◆ **TASK PROMPT**:
In the material below, find the line with "Healing Self-Injury: A" and the line with "Report on the", then output those two lines and every line between them, exactly.

◆ **PROVIDED MATERIAL**:
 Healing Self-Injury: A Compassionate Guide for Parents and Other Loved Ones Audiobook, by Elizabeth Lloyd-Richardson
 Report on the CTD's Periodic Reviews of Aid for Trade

==

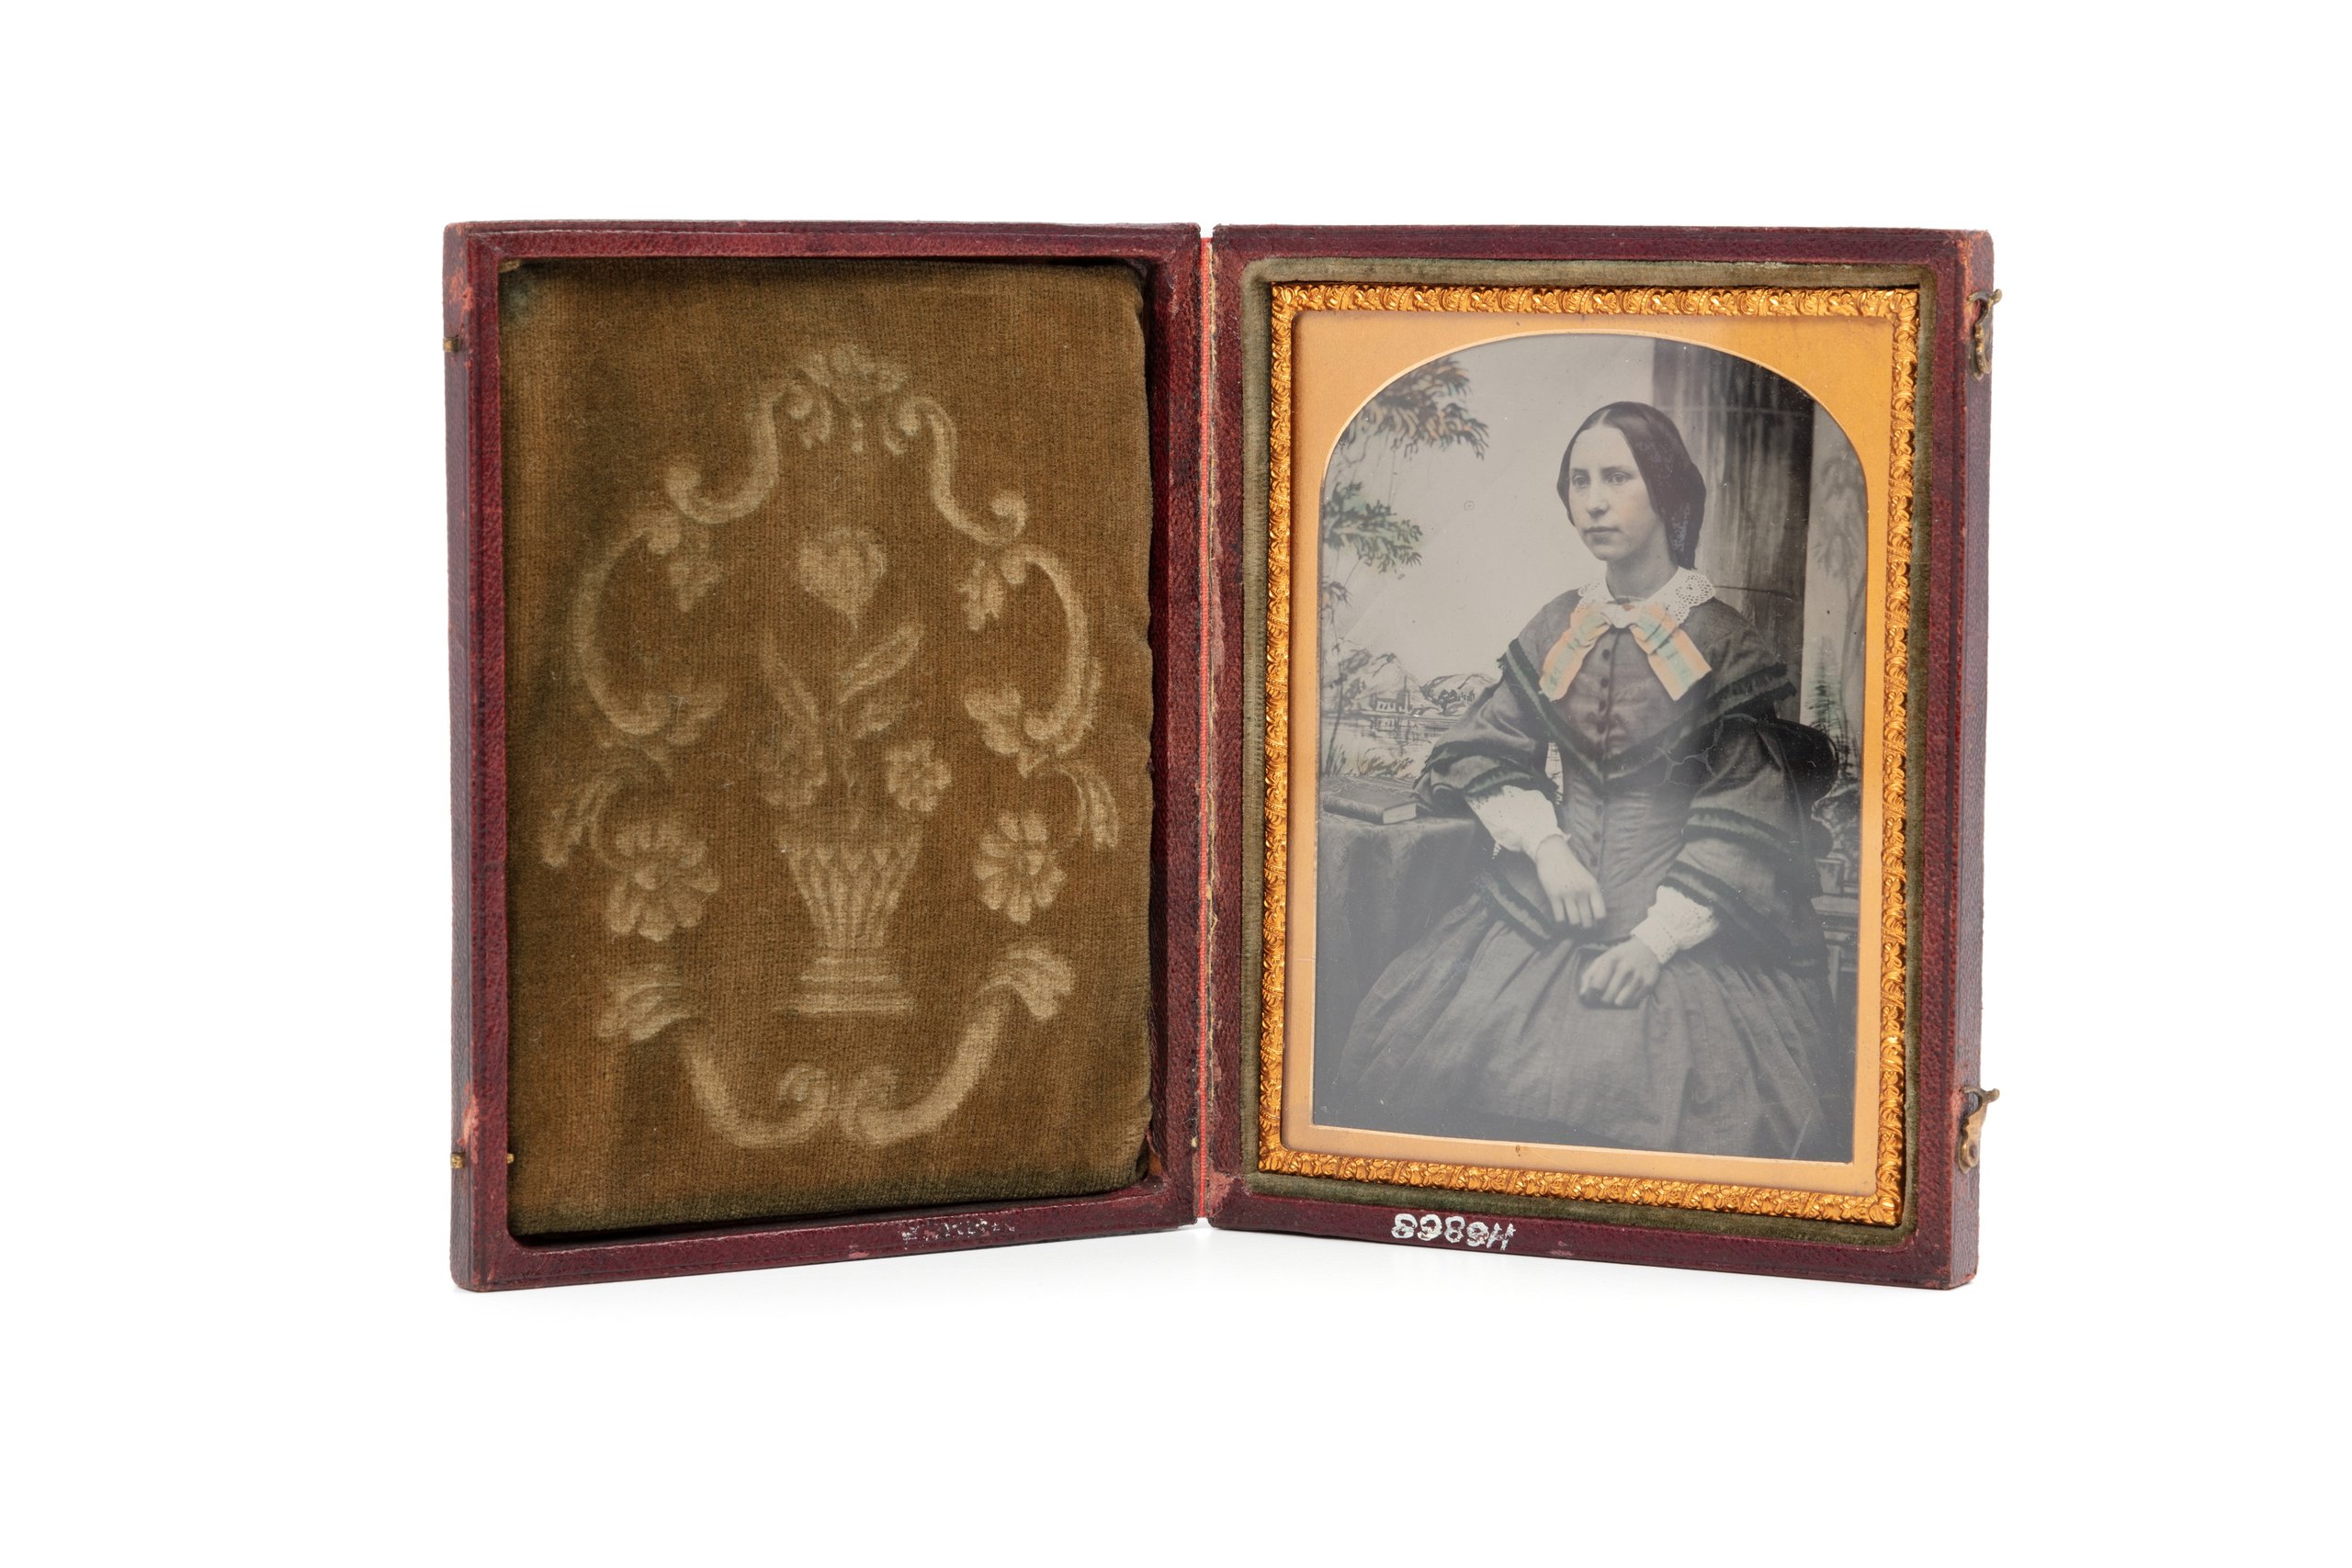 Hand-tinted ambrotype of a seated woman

◆ **TASK ANSWER**:
 Healing Self-Injury: A Compassionate Guide for Parents and Other Loved Ones Audiobook, by Elizabeth Lloyd-Richardson
 Report on the CTD's Periodic Reviews of Aid for Trade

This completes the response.